Math & the Cosmos
Reviewed by Luke Janka, Humanities Preparatory Academy
July, 2002
The math components were engaging and interesting
"For students who are already friends of math, this will be a treat. For students who are adverse to math, this will disarm them and allow them to fell comfortable as they learn math in the process of learning about classical history/literature and astronomy."
Viewed as a supplement to a regular math curriculum
"It makes a terrific supplement to whatever unit the teacher is on...and would no doubt be the best part of the unit, allowing students to finally gain a practical use for math that they can see and use when they leave the classroom and look up into the sky, or flip through their history textbook, or bring with them to their English class if studying mythology."
As to its integrated format
"In addition to the material itself being engaging, fun and interesting, the program offers good active cross-curricular components: froom for writing activities to emerge, which is important in NY Schools which mandate English standards and literacy across the board.

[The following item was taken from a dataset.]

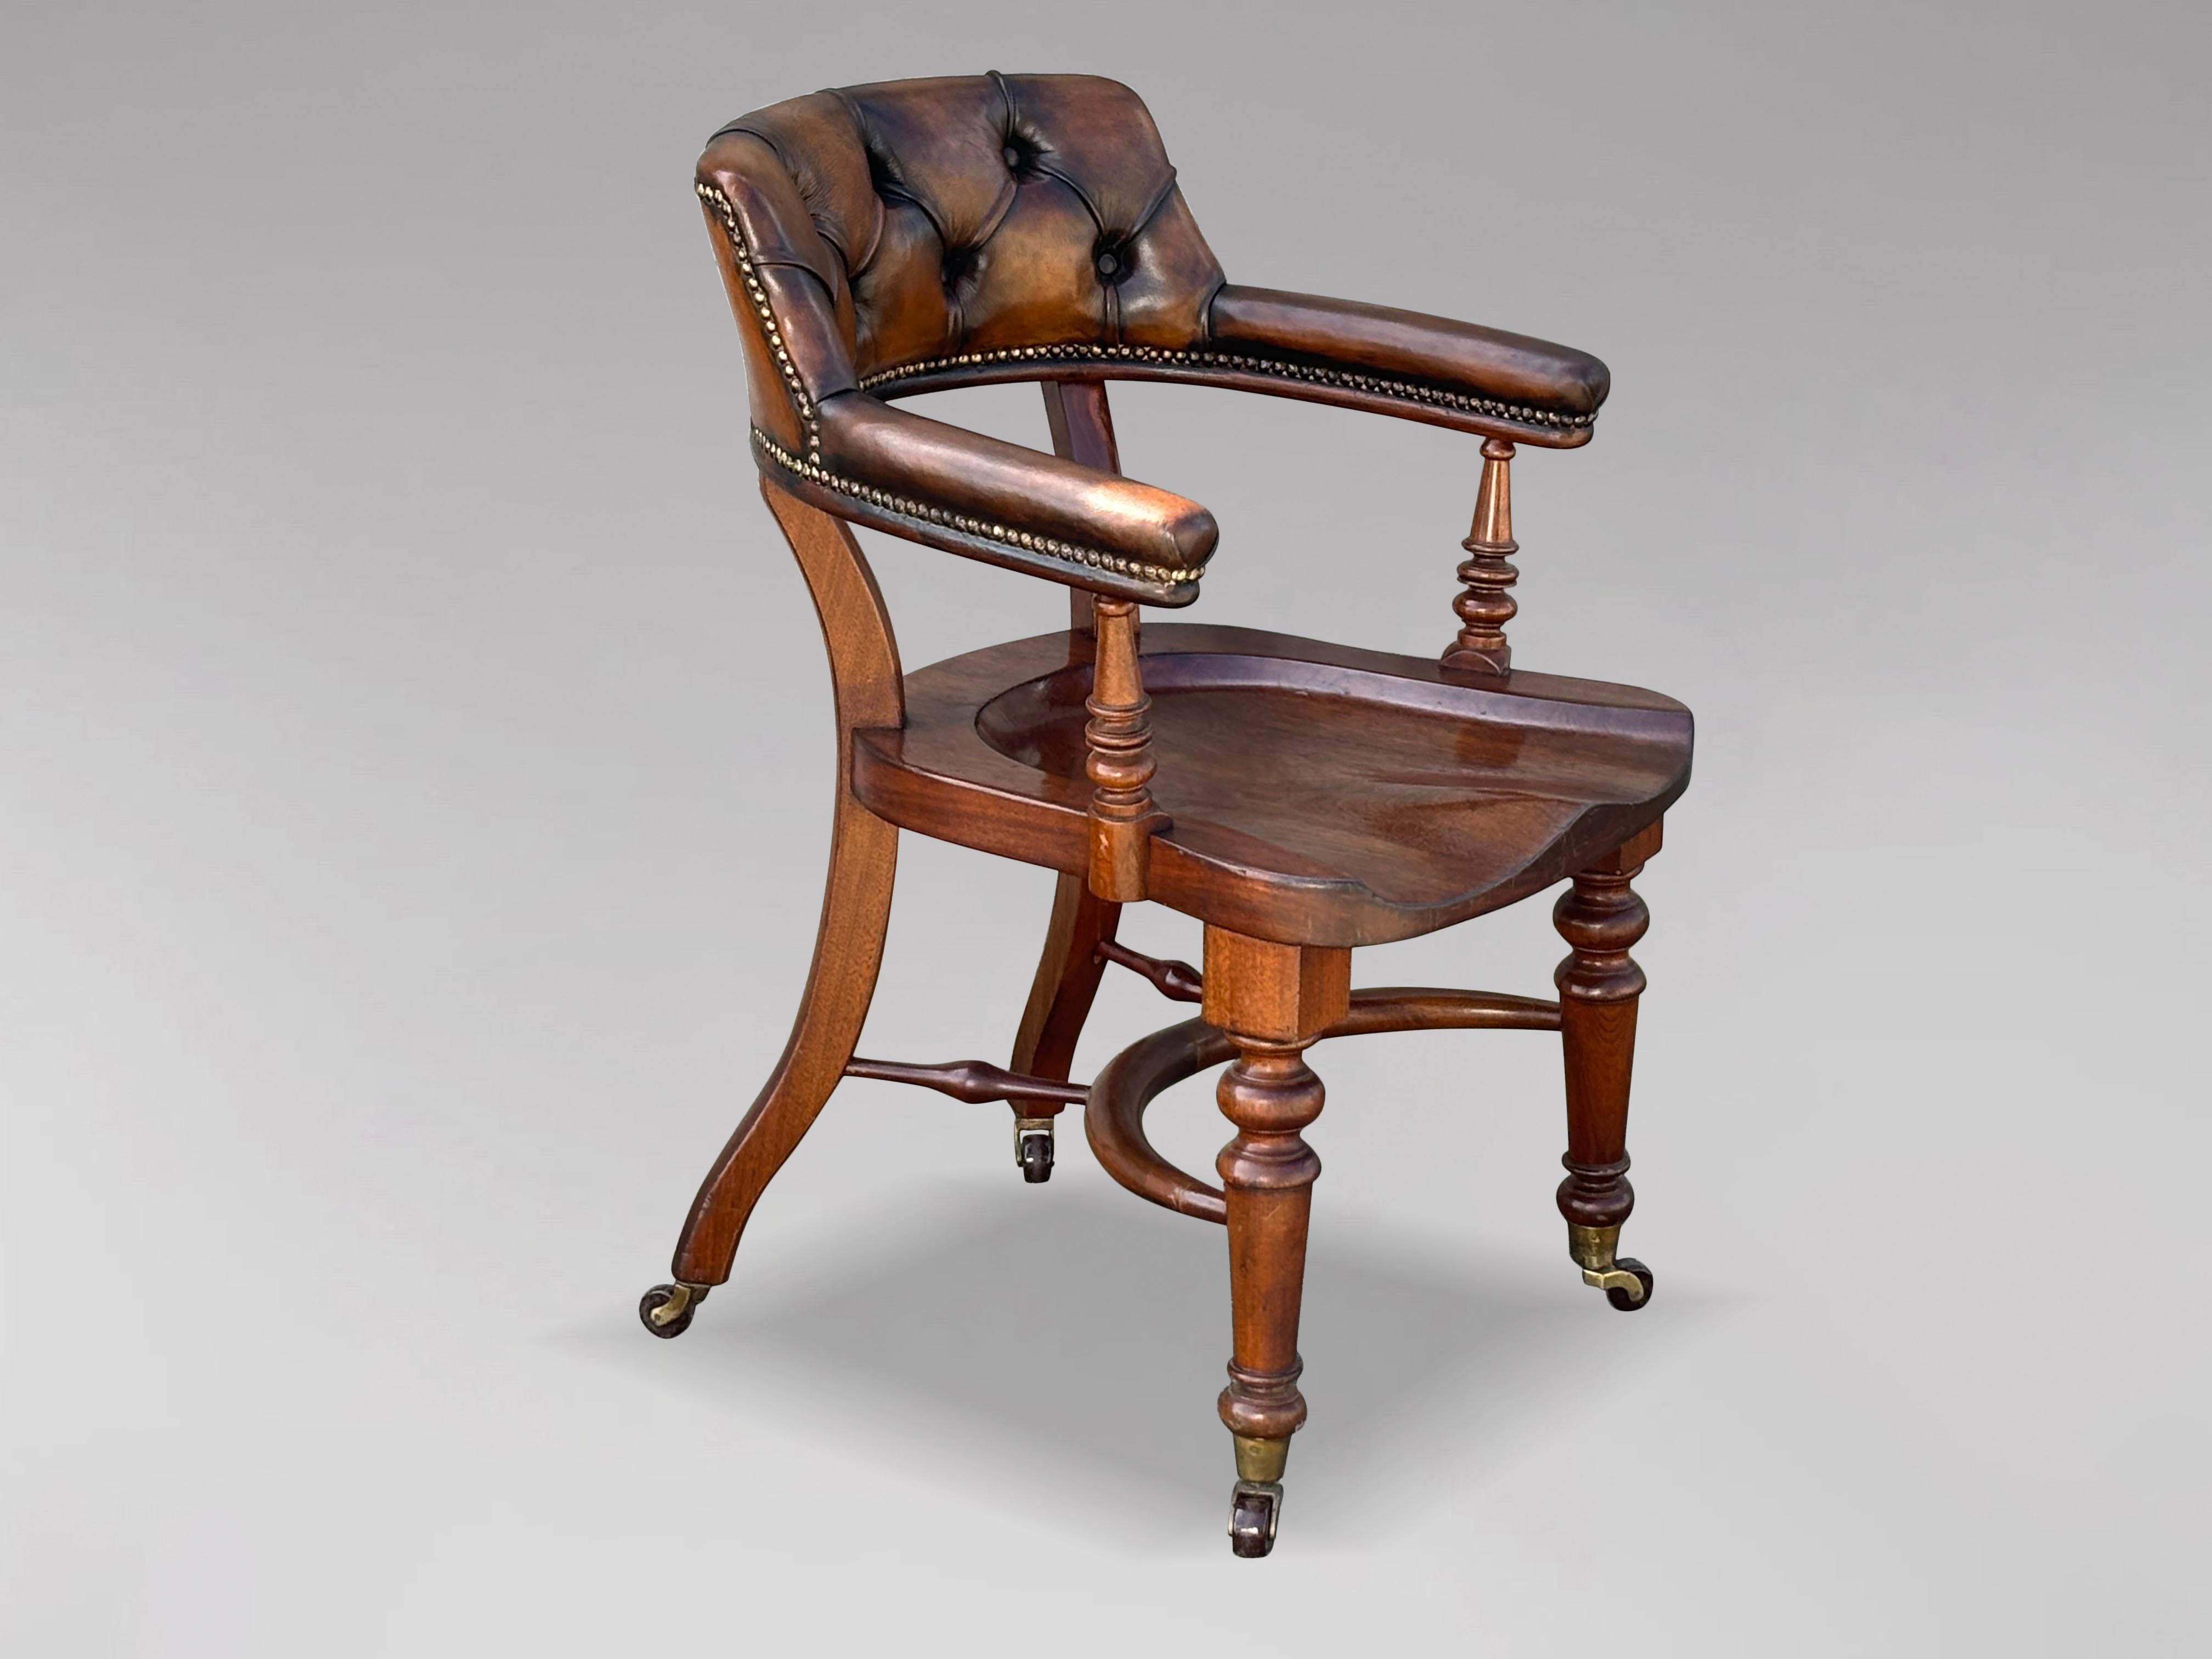 A fine quality 19th century English Victorian period saddle seat desk chair, constructed of solid mahogany with a brown upholstered backrest and armrests, circa 1880. The mahogany office chair benefits from a curved, deep-buttoned padded backrest,

It also incorporates the use of technology, which is important, and also very engaging since the computer is fun for almost everyone, especially students."

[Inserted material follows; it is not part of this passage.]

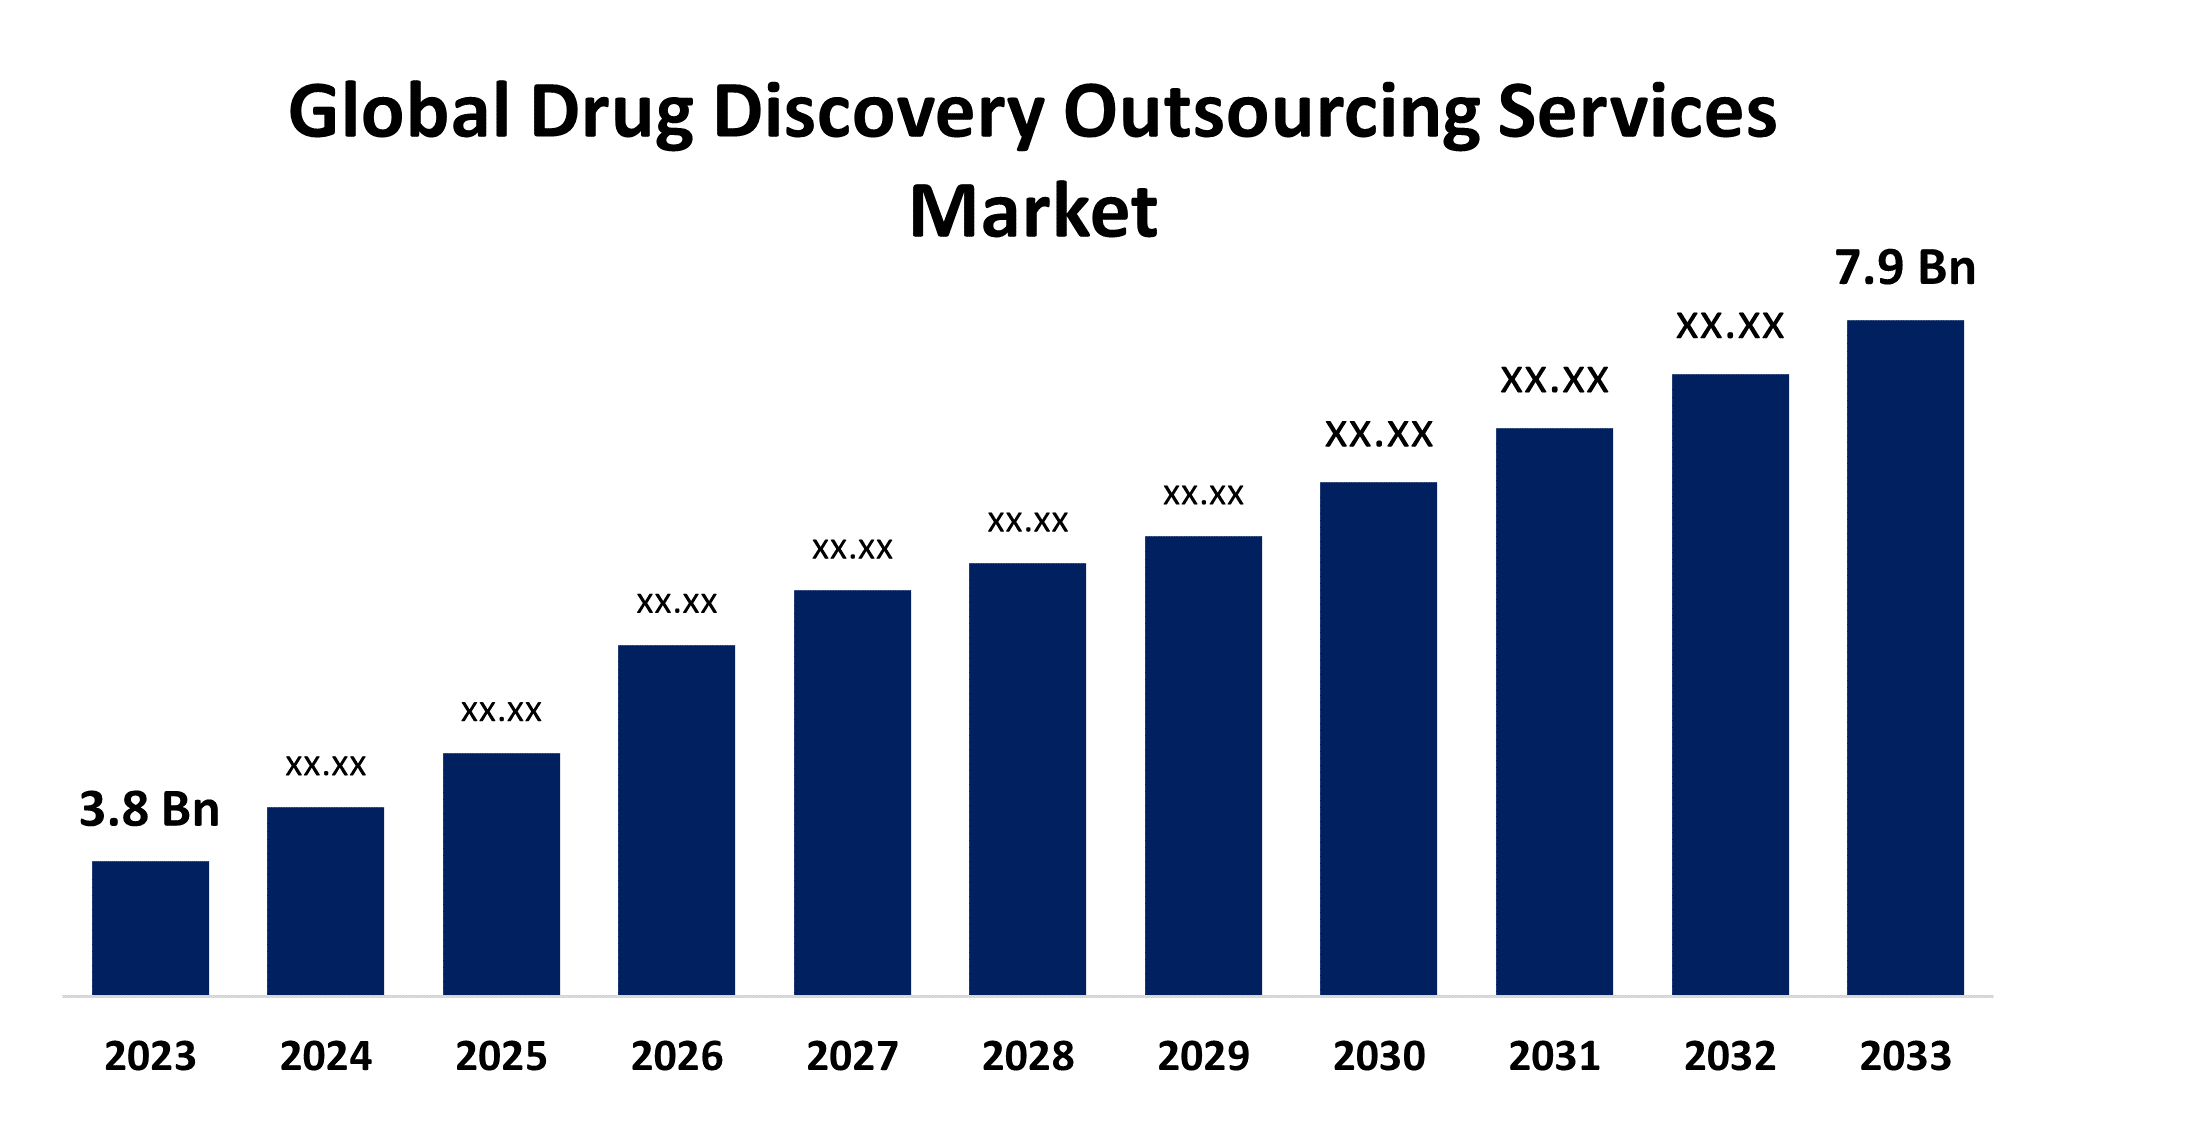 Global Drug Discovery Outsourcing Services Market

Suggestions for making the product stronger
"As a current member of the NY City Writing Project's Advanced Writing Technology Summer Institute, allowing the students to create something using the knowledge gained from the program would be a better and more authentic way to assess whether the students are learning. Technology is at its best when it does what traditional instructional materials can't do...challenge the students to demostrate their ability to accept, think, process and create something new with that knowledge." Also, "the challenge to instructional materials technology is to stay current with new ways to deliver information so that it makes use of the latest animation to create interactive and dynamic opportunities for students to learn."